И вот, если нужно что-нибудь починить, везут Федю.
Тогда мы посылаем друг другу записки с оказией.
Треугольнички. Он первый придумал...
"Танечка-ласточка, скучаю. Сделал электропроводку, починил движок. А больше и делать нечего. Ну настрогал школярам скамеек на ихнем стадионе. В сельмаге замок поставил. Там хорошая такая панночка работает. Джага выдал восемь рублей. Я не все пропил, ты не думай, майку еще купил. Приезжай, очень жду."

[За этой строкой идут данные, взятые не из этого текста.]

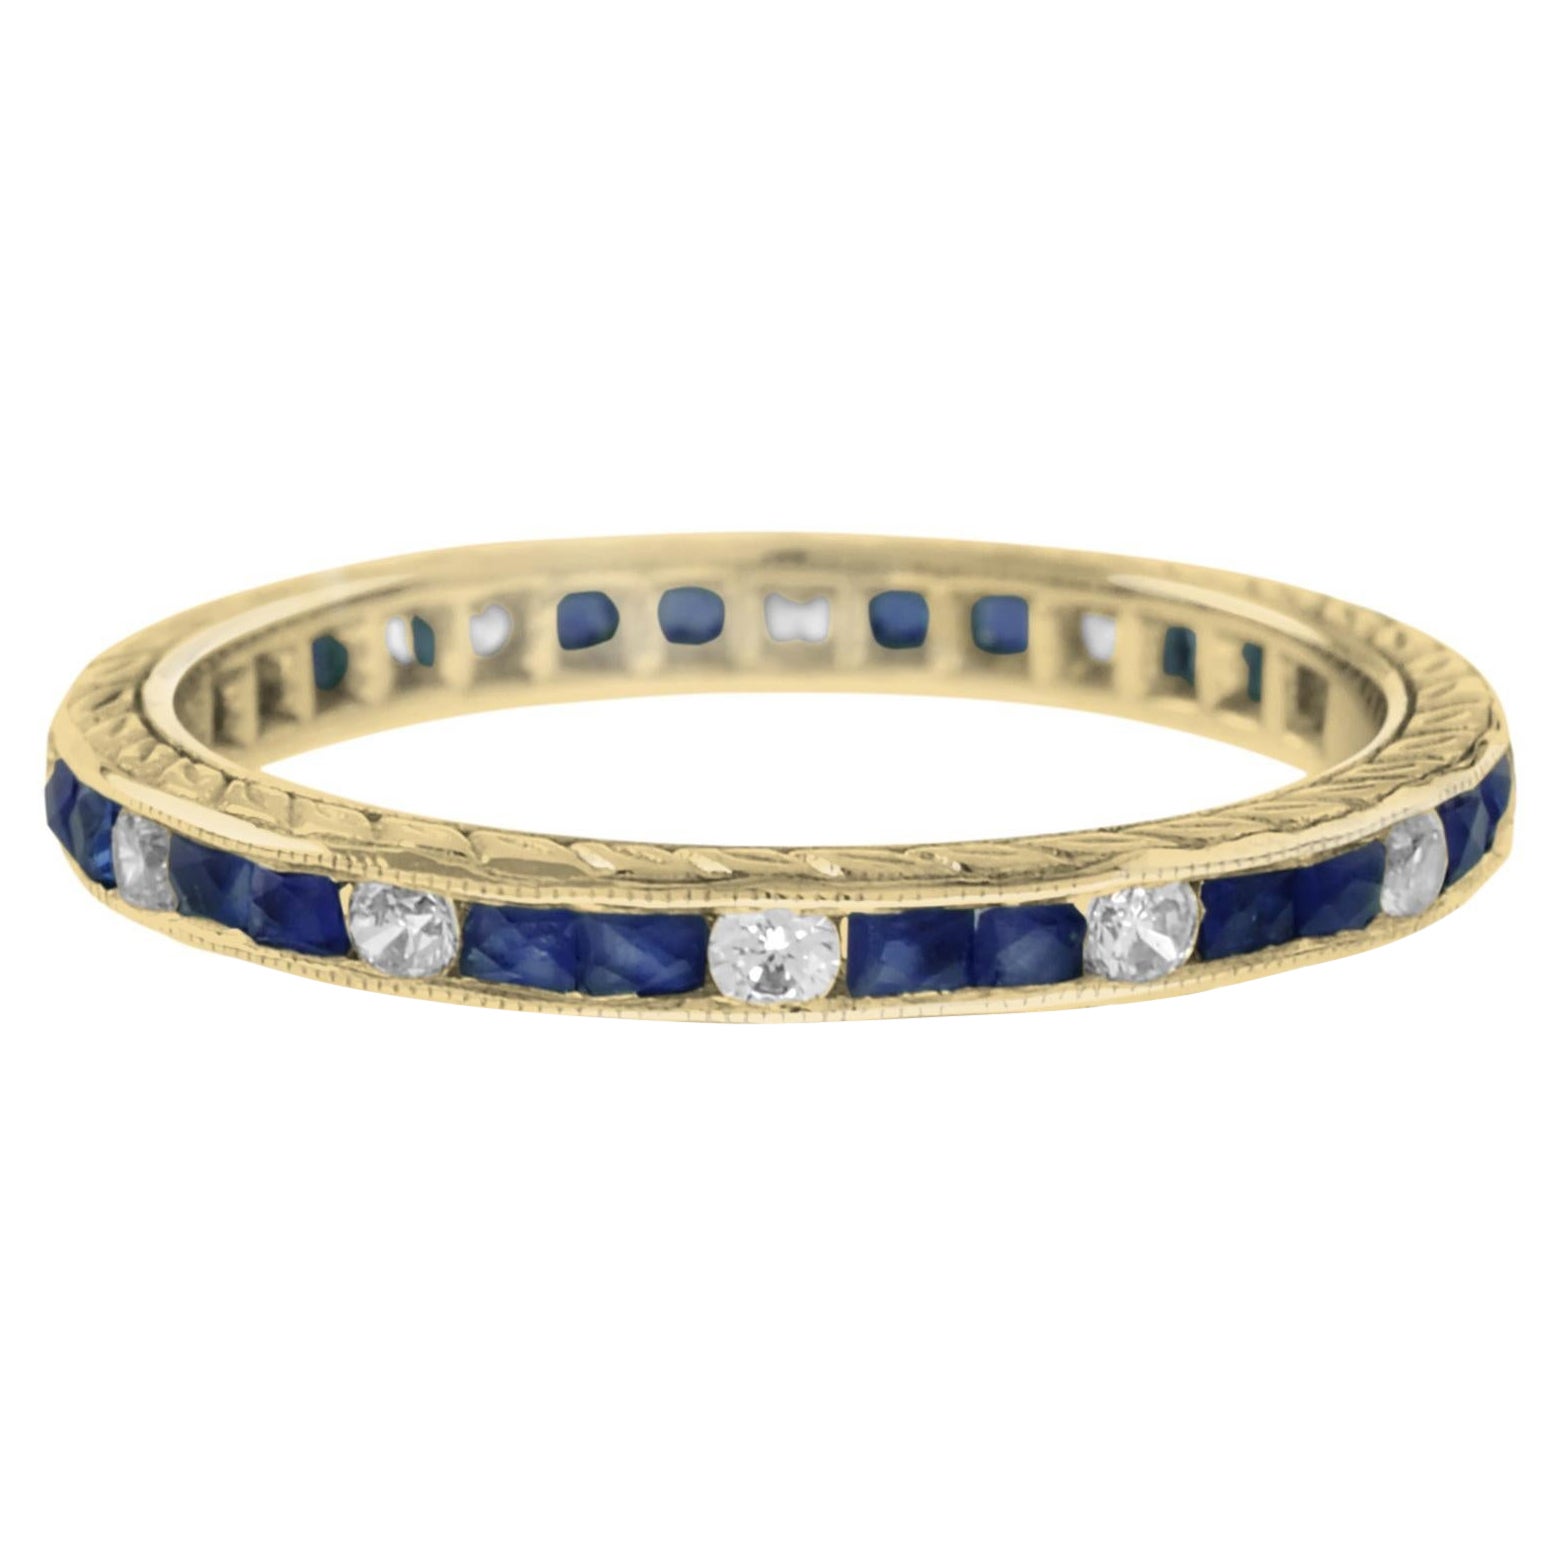 For Sale:  Alternating Double Sapphire and Diamond Eternity Ring in 14K Yellow Gold
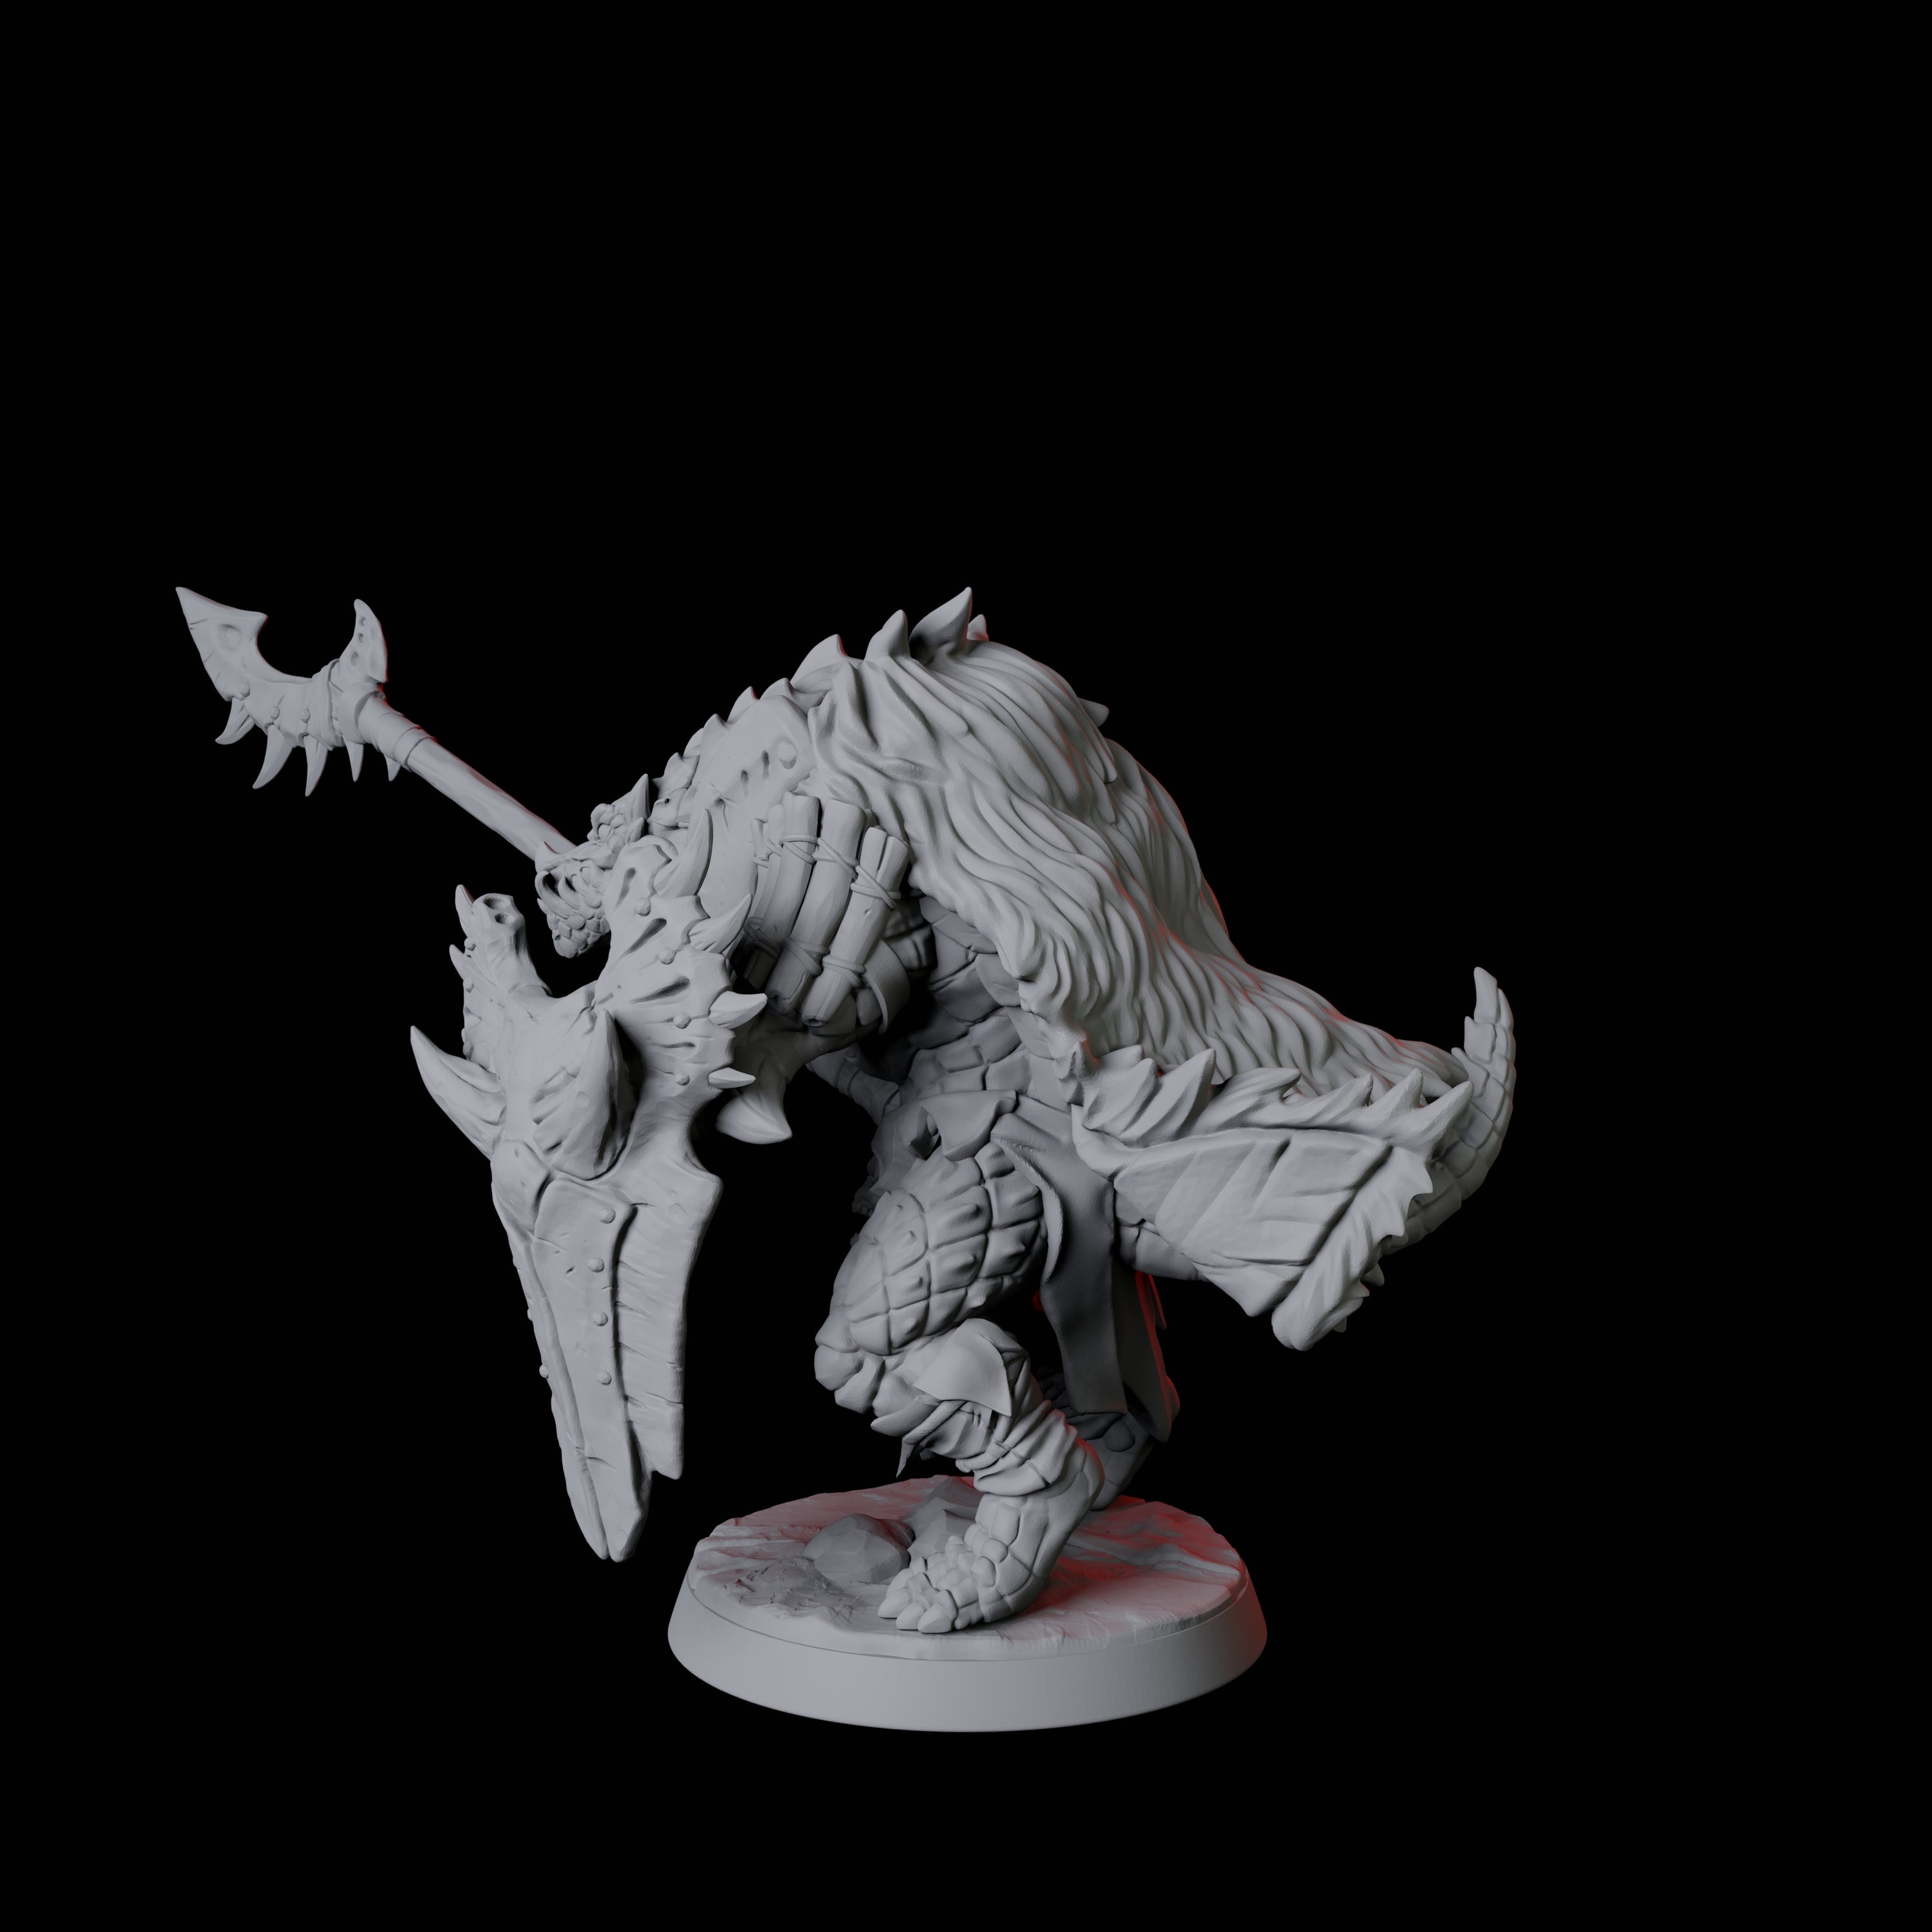 Powerful Frost Lizardfolk F Miniature for Dungeons and Dragons, Pathfinder or other TTRPGs

Это забавно писать в поле письма при разлуке на пять дней. Вся экспедиция следила, передавала наши приветы, - балует старый черт! Наблюдала, как мы при встрече обнялись.
Шепнул:
- Пойдем, я рупчик скопил, попразднуем.
Мы выпили в столовке по стакану вина и пошли к Панночке в сельмаг.
- Хотел пластинку тебе купить, но сэкономил, так послушаем. Ласково поет, на тебя похоже, голос сла-абень-кий (оказалось - "Старый причал" М.Кристаллинской).
Мы сидели на подоконнике и слушали, Панночка нам раз десять заводила, пышненькая такая, добродушно-хит-ренькая - Панночка, - слаще и не назовешь.
Потом мы отправились на футбольное школьное поле, курили там на скамейке и смотрели, как мальчишки насаются по стоптанной траве...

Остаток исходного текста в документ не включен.